In[308]:= LocationTest[txSyntheticCompactness,
Mean@texasdistrictcompactnessdata, {"Sign", "TestConclusion"}]
Out[308]= {5.11282*10^-22,
Row[{"The null hypothesis that ",
Row[{"the ", "mean", " of the population is equal to ", 0.360349,
" "}], "is rejected at the ", Row[{5, " percent level "}],
Row[{"based on the ", "T", " test."}]}]}
Importing Racial Data
I import the following data with the purpose of later comparing racial distributions of my synthetic districts to real ones. All data comes directly from census.gov. I then created associations to calculate the percentage of white and African American people in each synthetic and real district.
Visualization for Analysis of Racial Distribution
Histogram Representing The African American Percentage in both Real and Synthetic Districts for Texas
Histogram[{Flatten[
blackpopsforsyntheticdistricts/totalpopforsyntheticdistricting //
N], TexasDistrictBlackProportion}, Automatic, "Probability",
ChartLegends -> {"Synthetic", "Real"}, ChartLayout -> "Stacked"]
Probability Plot for African Americans in Texas
A Probability Plot Compares the CDF of list against the CDF of a normal distribution.
ProbabilityPlot[{Flatten[
blackpopsforsyntheticdistricts/totalpopforsyntheticdistricting //
N], TexasDistrictBlackProportion},
PlotLegends -> {"Synthetic", "Real"}]
There appears to be a greater deviation in the Texas probability plot than for Massachusetts.
Distribution for Real and Synthetic DIstricts for White People in Texas
Massachusetts
Do the same deviations in patterns apply to a state with a lower African American population percentage?
Histogram[{Flatten[
Massblackpopsforsyntheticdistricts/
Masstotalpopforsyntheticdistricting // N],
MADistrictBlackProportion}, {0, .2, .02}, "PDF",
ChartLegends -> {"Synthetic", "Real"}]
Unlike Texas, Massachusetts is seen sharing the same distribution for both synthetic and real districts. One simple explanation to this is that in states with low African American populations, there is little reason to gerrymander in respect to race.
Probability Plot for African Americans
A Probability Plot Compares the CDF of list against the CDF of a normal distribution
ProbabilityPlot[{Flatten[
Massblackpopsforsyntheticdistricts/Masstotalpopforsyntheticdistricting //
N], MADistrictBlackProportion}, PlotLegends -> {"Synthetic", "Real"}]
For this histogram, I ran FindGraphPartition successfully 2000 times, creating 7200 different districts.

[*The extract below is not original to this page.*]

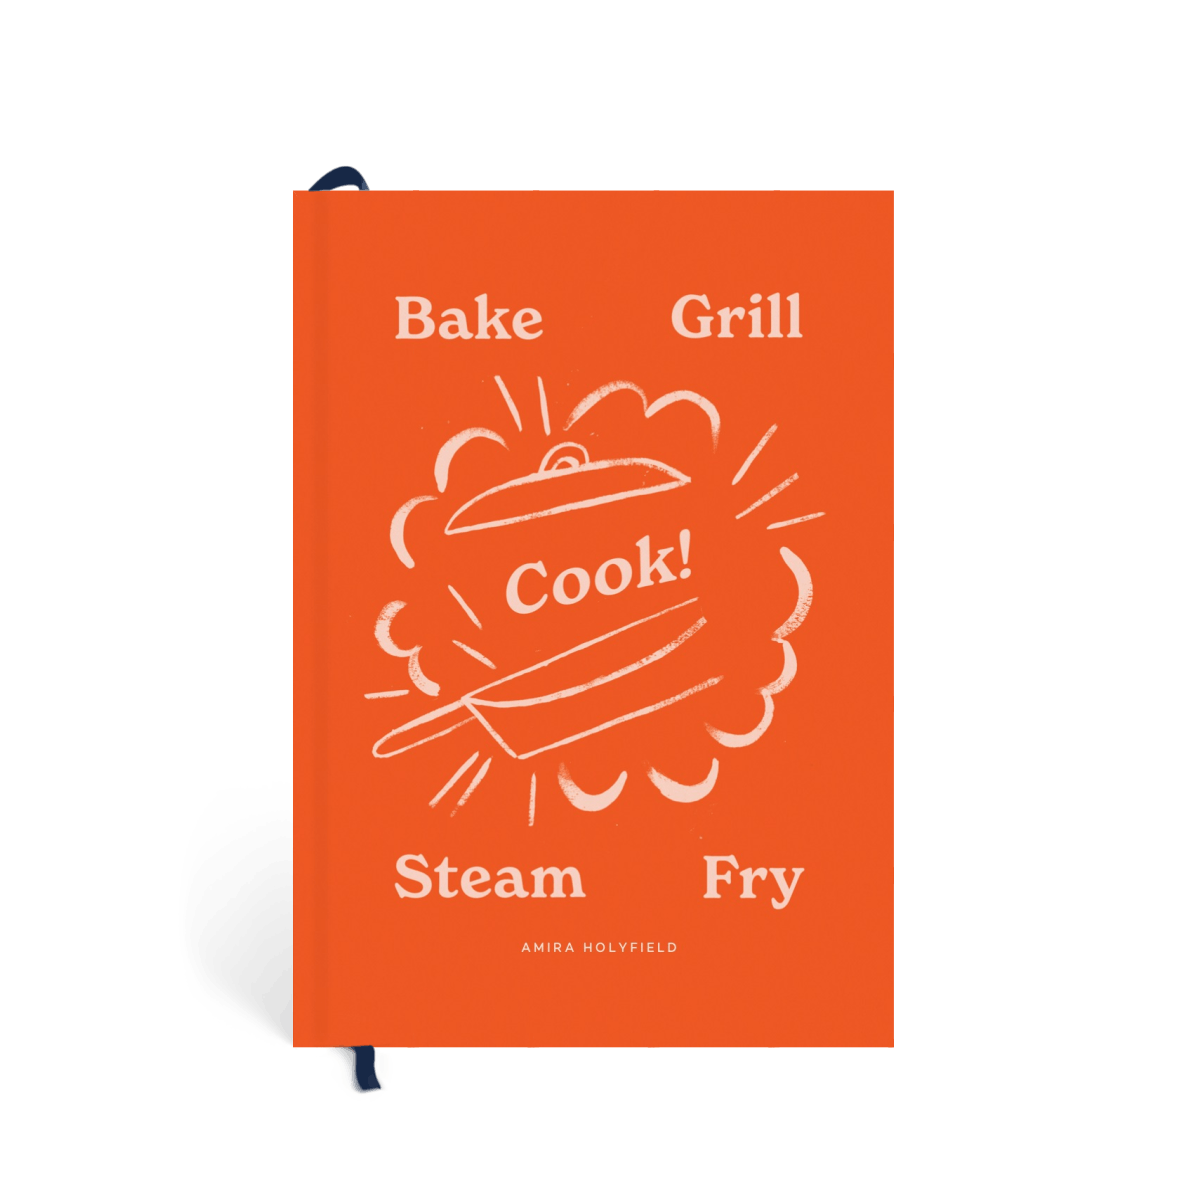 Bake and Grill
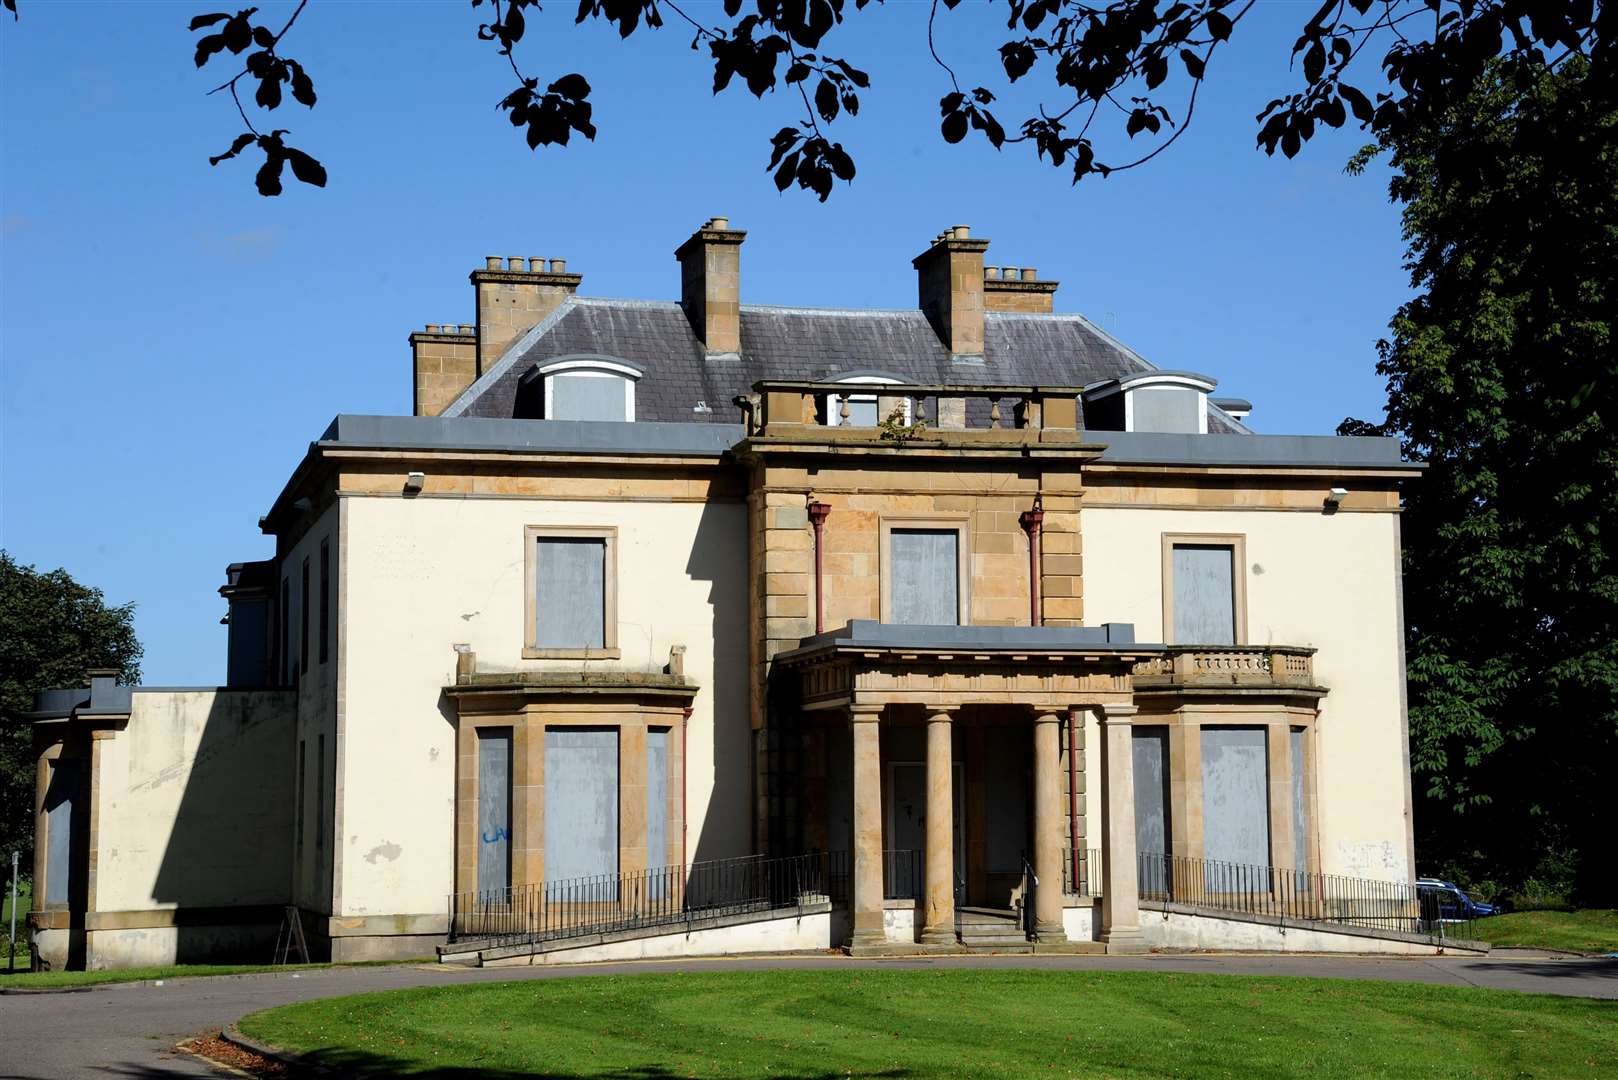 Grant Lodge in Elgin will be turned into a visitor attraction

As one can see, the real districts do a pretty good job following the distribution of synthetic districts.
Conclusion
By incorporating graph theory and data for each tract, I have created a new way of creating and analyzing districts. My partitioning algorithms can create realistic, compact, and continuous districts by taking into account the population of each tract and if the tract is on the border of a county. Furthermore, by comparing synthetic districts to real districts in all states, my code could be used to further analyze districts for gerrymandering, both partisan and racial.